The Fort Harrison is the centerpiece of Scientology's sprawling presence in downtown Clearwater, which serves as the organization's spiritual headquarters. Scientologists from around the world visit the Fort Harrison for counseling.

McPherson, 36, had been a Scientologist for 18 years when she died in December 1995 of a blood clot.

She entered the Fort Harrison after fellow Scientologists intervened at Morton Plant Hospital, where McPherson had been taken for observation after she was involved in a minor automobile accident and then took off her clothes. The Scientologists who came for McPherson told doctors they would care for her and watch her 24 hours a day.

Seventeen days later, church members took McPherson to an out-of-the-way hospital in Pasco County where a staff physician, who was also a Scientologist, pronounced her dead.

Medical Examiner Joan Wood has concluded McPherson's death was brought on by "bed rest and severe dehydration." She has said McPherson went without fluids for several days and was unconscious for up to two days before her death.

Scientology officials strongly dispute most of Wood's conclusions, suggesting instead that an aggressive staph infection may have led to McPherson's death.

In previous statements about the case, church officials have said McPherson was well cared for at the Fort Harrison, which they described as a four-star hotel.

They have said that her room was cleaned daily and that friends came to see and help her.
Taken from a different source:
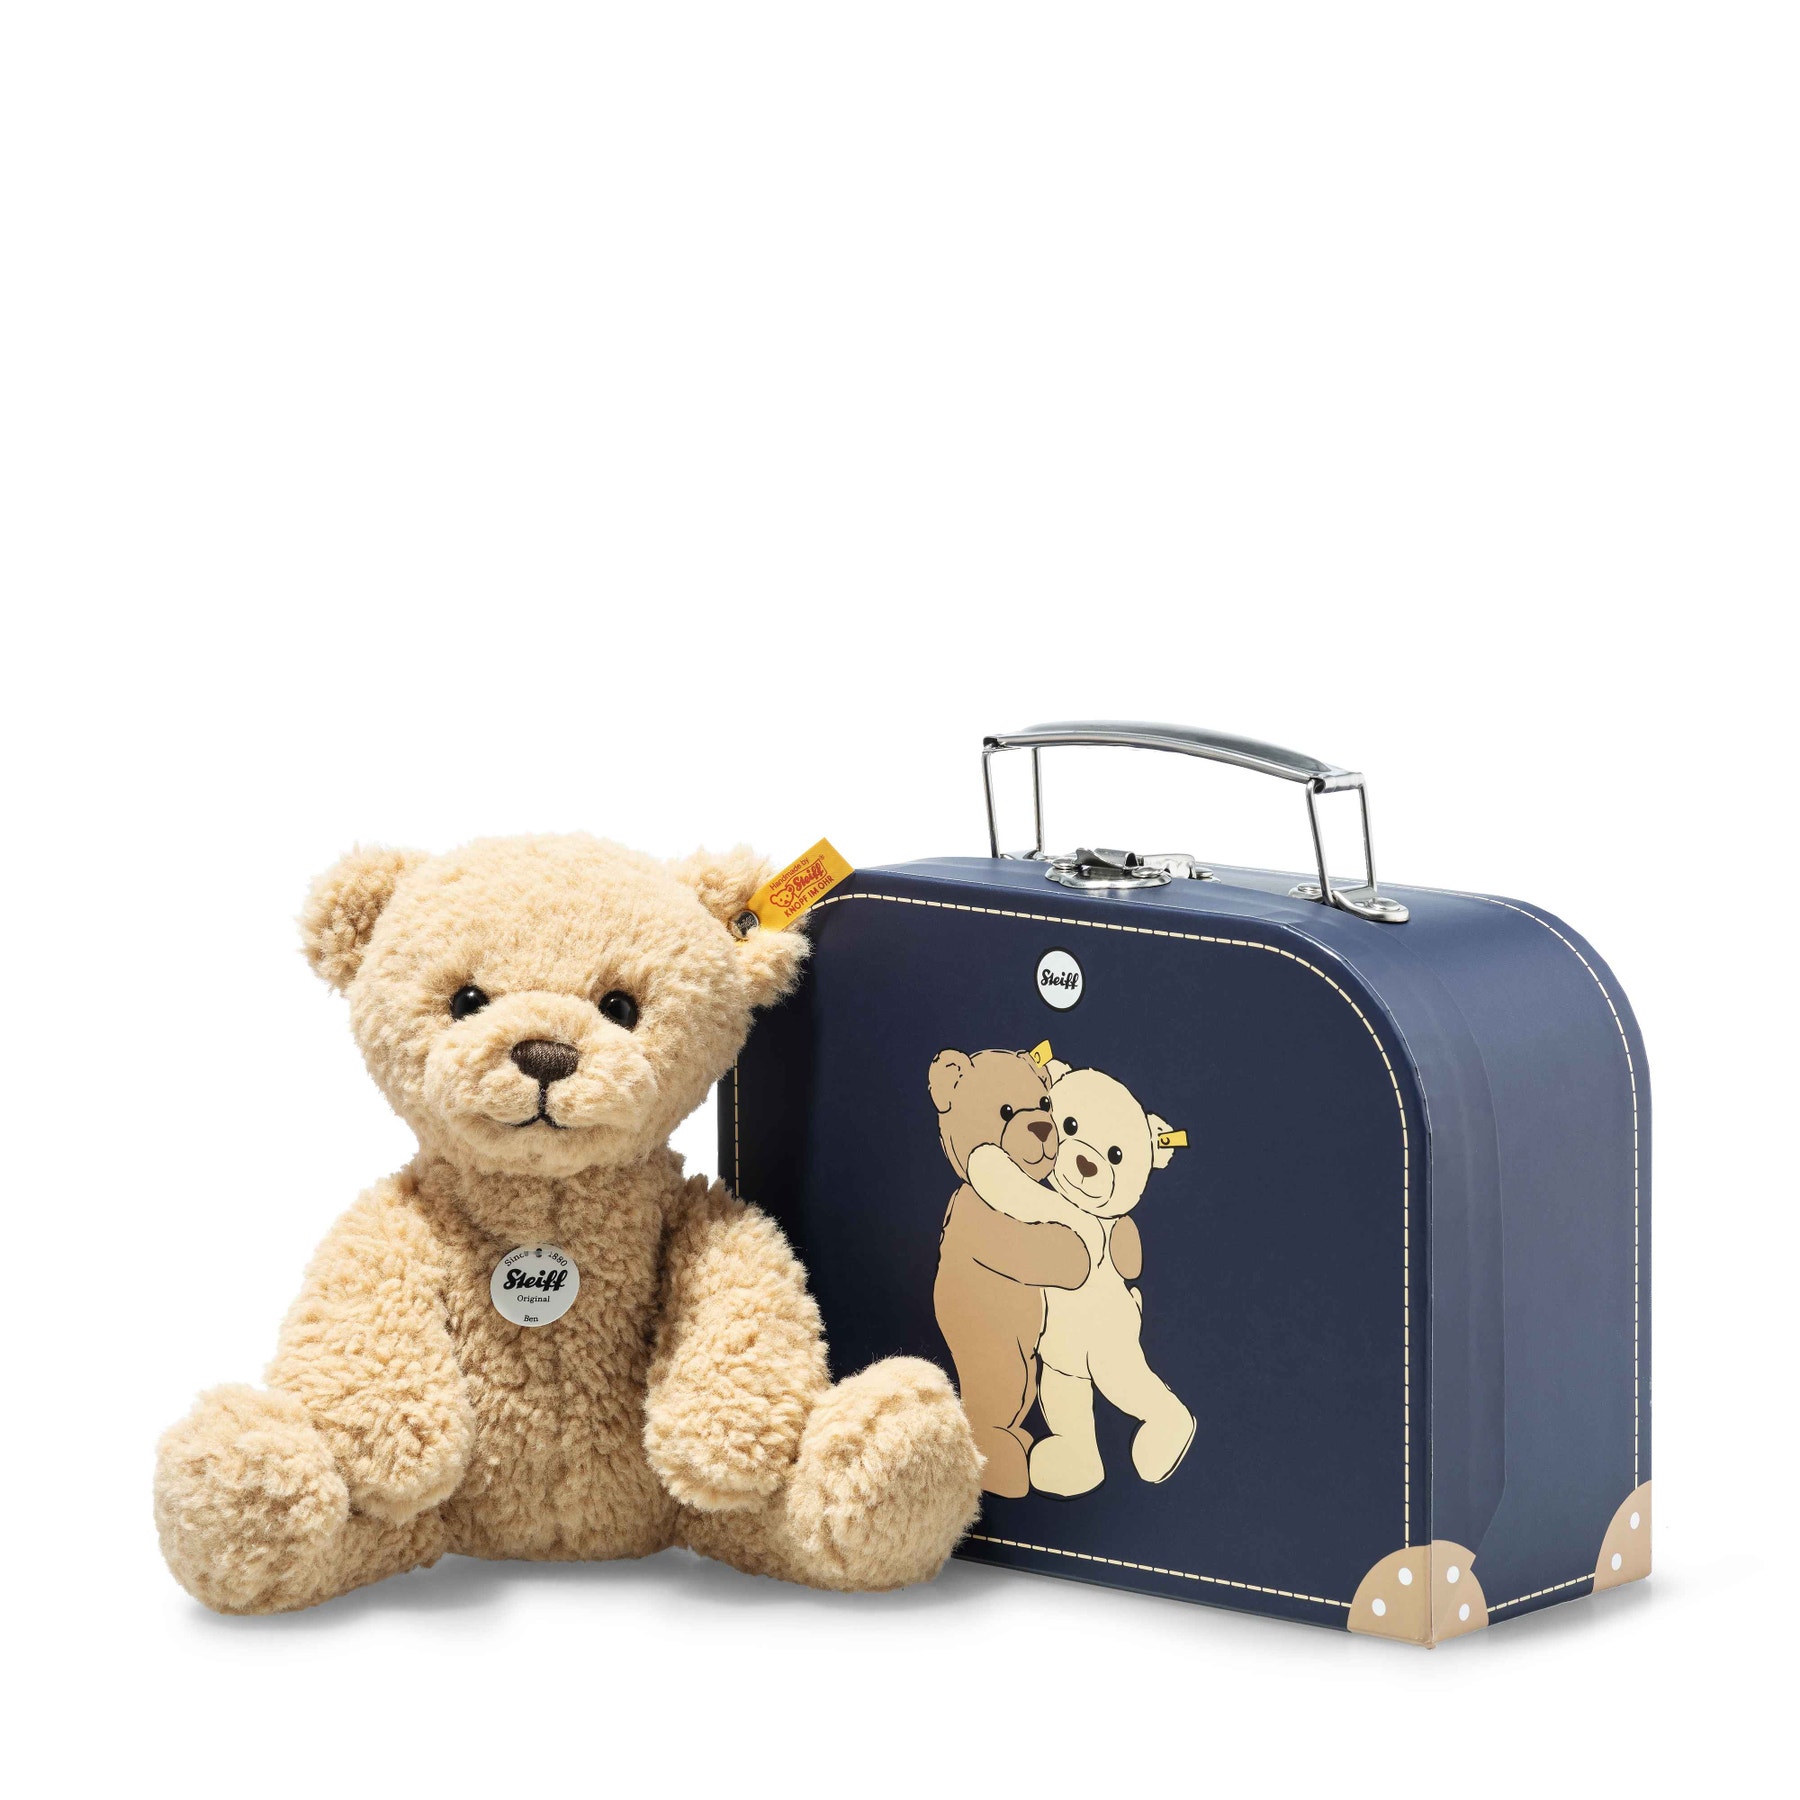 Ours Teddy Ben dans sa valise

They have said that she received no professional medical care and that her death was an unfortunate event that happened to occur on Scientology property.

The initial characterization that her stay was largely benign and uneventful changed in February when a church lawyer revealed that McPherson had been isolated, had been pounding the walls of her room with her fists around the midpoint of her stay and had become "self-destructive."

The church's characterization seemed to change again in recent days. In two letters to the Times, Scientology official Mike Rinder wrote that McPherson "had merely been staying at the hotel" and that "had this occurred in any other hotel or with someone from another religion, it would not have been a media event."

Vaughan, the lawyer for Scientology, declined to comment about how the Fort Harrison records square with the church's previous accounts of McPherson's stay. "We think it's inappropriate to try this case in the press," she said.

But a Tampa lawyer who is representing McPherson's family in a civil lawsuit against the church says the records are "the star witness" in the case. The church gave him copies only after he reached an agreement to keep them confidential during the pre-trial phases, said Kennan Dandar.

In general terms, however, he described them this way: "They involve pseudo medical treatment of Lisa McPherson, and that treatment resulted in her death because it included the withholding of urgent, emergency licensed medical treatment that was so obvious that a first-grader would know enough to call 911."

Vaughan responded: "That's just absolutely false. They're not medical records of anybody's stay anywhere."